The heart of the flower is the ovary, where the eggs are protected. The ovaries develop into the fruit, the eggs develop into the sperm of the fruit, the egg cells inside the eggs become embryos in the sperm – all this happens after the fertilization. Thus the embryo is protected by the seed and the fruit and can mature over the time it takes. The embryo in the semen feeds on the ovary that supplies it with nutrients from the mother plant. The flowers characterize only the semen and only the ovaries (they do not exist in the presence of sperm – such as cones, cycads and others). The protection provided by the ovary allowed flowering plants to spread in multiple habitats and under extreme environmental conditions.
Scars in different plants are well suited to their function. So in cereal such as wheat, barley or corn, the pollination is carried out in the wind. To absorb the maximum amount of powder, the shape of the scar is like split feathers. This structure increases the surface area of the scar and more pollen is absorbed on its surface.
The stamens are built of a long axis and two struggles in the head. In the fight are common pollen grains with the opening. Pollen grains reach the flowers. The grains contain the male reproductive cells and fertilize the egg cell, as mentioned above, to form a fetus.
The cereal flower has no colorful petals that attract insects.
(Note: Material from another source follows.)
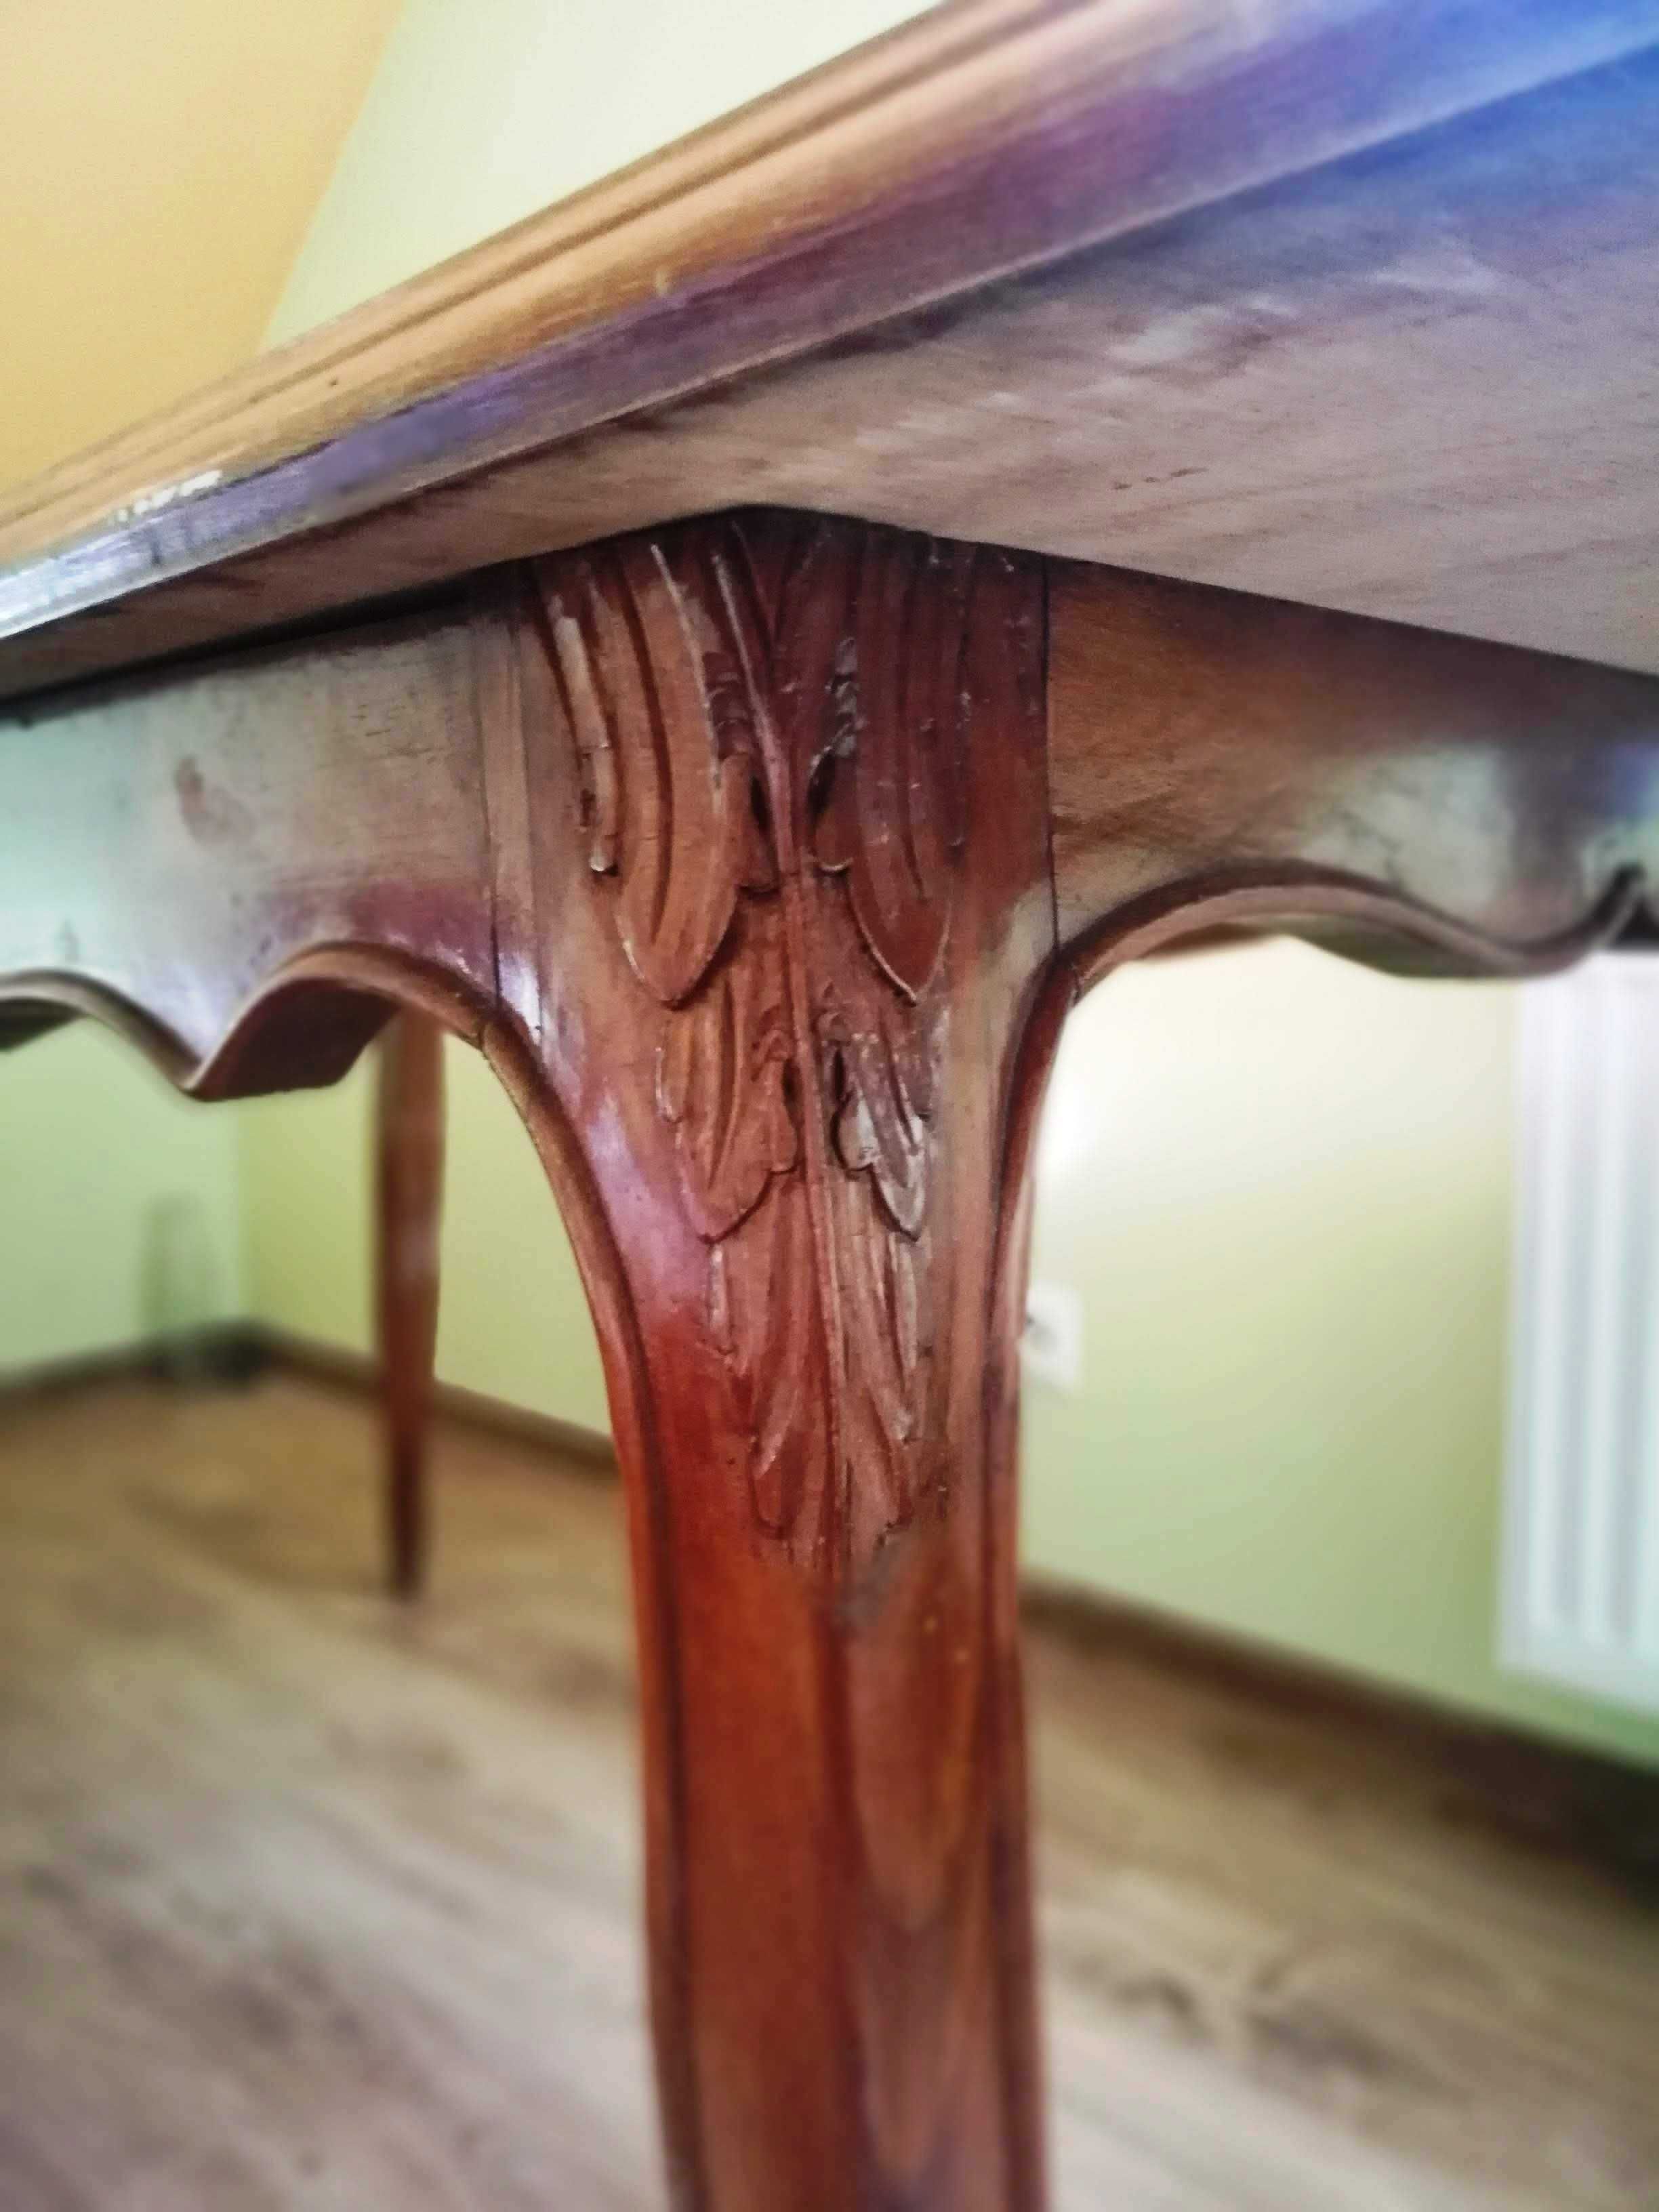 Stół rozkładany duży drewniany stylowy Ludwik orzech połysk 80x175 cm

The stamens in the cereal family have a long zir. The zir swings in the wind and thus distributes a large amount of powder that reaches the scar.
Concepts and definitions
A bisexual (androgynous) flower consists of both male and female parts. The male parts are the pollen (containing pollen grains) and the female parts – the leaf consisting of an ovary, leaf, and scar. Many flower plants belong to this group. In a large magnolia with flowers with bisexual flowers, the ripening of the scars takes place in the closed buds. On the second day the scars are already old, no more powder. The leaves of the magnolia are visible in the old age stage. The stamens ripen a day after scars, thus avoiding self-pollination.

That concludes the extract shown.